[Collected data entries]

····················

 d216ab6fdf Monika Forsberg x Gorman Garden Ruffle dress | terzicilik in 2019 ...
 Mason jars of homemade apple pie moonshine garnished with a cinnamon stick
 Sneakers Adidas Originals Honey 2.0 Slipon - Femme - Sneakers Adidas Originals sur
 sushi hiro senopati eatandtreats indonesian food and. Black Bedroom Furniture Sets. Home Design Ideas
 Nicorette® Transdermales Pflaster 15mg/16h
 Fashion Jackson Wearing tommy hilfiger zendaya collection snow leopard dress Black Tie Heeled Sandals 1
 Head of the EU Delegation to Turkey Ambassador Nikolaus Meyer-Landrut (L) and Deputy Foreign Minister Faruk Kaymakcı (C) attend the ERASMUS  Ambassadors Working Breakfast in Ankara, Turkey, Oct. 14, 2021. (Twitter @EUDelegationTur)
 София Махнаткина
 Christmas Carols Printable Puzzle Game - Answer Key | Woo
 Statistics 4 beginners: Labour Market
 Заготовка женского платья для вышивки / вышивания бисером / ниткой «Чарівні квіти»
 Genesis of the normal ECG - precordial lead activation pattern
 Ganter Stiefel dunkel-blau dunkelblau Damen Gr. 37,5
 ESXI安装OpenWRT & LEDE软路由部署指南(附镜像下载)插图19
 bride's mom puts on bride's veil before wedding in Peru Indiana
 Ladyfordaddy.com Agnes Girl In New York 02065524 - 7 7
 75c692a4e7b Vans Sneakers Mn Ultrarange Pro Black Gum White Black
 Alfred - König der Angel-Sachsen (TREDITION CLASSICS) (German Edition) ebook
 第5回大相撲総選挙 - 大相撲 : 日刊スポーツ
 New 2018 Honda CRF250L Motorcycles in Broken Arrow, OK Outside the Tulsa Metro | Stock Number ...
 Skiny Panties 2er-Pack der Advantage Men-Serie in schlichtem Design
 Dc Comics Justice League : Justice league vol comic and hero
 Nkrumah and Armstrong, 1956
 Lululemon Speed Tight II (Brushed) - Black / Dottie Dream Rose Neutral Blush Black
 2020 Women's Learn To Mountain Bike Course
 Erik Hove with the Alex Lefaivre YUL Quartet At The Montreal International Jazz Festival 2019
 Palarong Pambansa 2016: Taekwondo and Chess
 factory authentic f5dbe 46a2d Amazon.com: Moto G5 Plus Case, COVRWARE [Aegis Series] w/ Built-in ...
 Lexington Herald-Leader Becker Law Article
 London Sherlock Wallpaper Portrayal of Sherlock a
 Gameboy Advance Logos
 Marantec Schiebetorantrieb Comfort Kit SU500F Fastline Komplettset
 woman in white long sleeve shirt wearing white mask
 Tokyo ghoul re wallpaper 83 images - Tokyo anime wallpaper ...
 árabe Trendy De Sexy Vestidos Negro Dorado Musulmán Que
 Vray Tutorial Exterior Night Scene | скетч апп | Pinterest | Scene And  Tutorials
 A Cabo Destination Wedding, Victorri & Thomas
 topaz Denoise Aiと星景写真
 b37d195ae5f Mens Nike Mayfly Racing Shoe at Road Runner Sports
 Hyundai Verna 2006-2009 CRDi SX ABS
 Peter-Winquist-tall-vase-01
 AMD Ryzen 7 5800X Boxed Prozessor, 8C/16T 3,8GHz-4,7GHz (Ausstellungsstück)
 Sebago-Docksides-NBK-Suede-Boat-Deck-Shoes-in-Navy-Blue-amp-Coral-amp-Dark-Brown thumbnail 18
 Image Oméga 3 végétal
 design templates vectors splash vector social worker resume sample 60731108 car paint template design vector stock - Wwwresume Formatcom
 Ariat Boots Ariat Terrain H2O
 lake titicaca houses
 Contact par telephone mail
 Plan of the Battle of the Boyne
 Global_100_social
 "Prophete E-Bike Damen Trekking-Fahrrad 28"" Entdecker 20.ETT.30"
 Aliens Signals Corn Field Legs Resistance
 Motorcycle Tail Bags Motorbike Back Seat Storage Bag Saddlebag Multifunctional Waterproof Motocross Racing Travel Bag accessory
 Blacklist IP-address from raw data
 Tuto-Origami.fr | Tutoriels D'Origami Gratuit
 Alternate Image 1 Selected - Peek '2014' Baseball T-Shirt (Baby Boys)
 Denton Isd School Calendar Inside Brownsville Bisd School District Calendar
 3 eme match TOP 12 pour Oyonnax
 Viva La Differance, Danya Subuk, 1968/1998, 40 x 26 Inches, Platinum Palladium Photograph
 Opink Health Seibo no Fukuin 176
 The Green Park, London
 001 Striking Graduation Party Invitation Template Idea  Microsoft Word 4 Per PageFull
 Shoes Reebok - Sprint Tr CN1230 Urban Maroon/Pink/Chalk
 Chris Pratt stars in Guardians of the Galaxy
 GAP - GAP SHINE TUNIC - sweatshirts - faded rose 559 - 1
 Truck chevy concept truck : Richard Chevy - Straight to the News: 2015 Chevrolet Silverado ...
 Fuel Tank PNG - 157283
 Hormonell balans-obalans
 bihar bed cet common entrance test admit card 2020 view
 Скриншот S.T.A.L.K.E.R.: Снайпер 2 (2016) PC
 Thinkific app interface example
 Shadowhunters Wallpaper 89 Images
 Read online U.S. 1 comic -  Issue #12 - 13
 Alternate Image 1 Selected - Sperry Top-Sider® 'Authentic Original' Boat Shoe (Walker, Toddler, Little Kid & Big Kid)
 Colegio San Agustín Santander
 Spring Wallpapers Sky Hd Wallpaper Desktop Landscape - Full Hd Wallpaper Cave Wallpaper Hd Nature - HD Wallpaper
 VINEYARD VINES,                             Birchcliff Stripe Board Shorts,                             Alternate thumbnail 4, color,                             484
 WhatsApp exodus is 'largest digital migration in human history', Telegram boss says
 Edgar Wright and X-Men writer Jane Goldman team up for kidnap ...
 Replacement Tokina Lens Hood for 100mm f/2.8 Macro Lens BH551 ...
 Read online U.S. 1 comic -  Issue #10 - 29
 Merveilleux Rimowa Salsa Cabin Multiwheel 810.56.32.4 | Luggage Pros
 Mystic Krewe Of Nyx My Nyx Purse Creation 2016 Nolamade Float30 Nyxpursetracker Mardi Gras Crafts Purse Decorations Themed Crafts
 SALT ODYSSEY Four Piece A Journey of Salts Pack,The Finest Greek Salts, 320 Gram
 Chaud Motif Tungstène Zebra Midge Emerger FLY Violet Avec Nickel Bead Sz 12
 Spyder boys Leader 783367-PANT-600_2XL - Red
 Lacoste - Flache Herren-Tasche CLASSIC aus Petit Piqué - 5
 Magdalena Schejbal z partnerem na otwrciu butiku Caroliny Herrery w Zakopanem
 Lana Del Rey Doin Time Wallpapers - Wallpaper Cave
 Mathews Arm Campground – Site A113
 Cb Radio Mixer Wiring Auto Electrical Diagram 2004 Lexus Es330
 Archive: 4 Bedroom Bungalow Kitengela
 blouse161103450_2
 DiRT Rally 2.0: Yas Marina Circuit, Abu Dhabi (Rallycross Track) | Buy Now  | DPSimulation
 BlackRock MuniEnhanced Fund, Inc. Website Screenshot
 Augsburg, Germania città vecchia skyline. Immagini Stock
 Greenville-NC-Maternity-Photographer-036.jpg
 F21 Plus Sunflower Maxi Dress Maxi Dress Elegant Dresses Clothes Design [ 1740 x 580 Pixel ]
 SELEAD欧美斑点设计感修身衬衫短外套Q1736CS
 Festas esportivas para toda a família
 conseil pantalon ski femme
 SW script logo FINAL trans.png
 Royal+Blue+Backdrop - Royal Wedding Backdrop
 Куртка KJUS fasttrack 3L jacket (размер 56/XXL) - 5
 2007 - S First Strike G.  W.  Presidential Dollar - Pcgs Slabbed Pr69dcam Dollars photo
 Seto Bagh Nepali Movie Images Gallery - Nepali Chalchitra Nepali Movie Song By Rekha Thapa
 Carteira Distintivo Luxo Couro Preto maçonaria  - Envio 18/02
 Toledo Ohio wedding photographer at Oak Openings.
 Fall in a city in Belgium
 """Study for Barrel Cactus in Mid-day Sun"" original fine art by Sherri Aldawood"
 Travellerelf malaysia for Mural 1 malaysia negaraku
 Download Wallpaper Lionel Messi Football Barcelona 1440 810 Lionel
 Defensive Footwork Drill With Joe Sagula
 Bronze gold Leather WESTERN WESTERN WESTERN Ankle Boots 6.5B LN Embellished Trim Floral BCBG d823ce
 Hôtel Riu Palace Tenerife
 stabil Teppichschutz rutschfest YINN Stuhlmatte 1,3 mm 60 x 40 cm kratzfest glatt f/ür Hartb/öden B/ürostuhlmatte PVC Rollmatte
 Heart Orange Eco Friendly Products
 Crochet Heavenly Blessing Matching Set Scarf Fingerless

····················

> Work instructions
Output only the lines from the one with "Bronze gold Leather" through the last line of the entries above; please keep them exact.

> Response to the task
 Bronze gold Leather WESTERN WESTERN WESTERN Ankle Boots 6.5B LN Embellished Trim Floral BCBG d823ce
 Hôtel Riu Palace Tenerife
 stabil Teppichschutz rutschfest YINN Stuhlmatte 1,3 mm 60 x 40 cm kratzfest glatt f/ür Hartb/öden B/ürostuhlmatte PVC Rollmatte
 Heart Orange Eco Friendly Products
 Crochet Heavenly Blessing Matching Set Scarf Fingerless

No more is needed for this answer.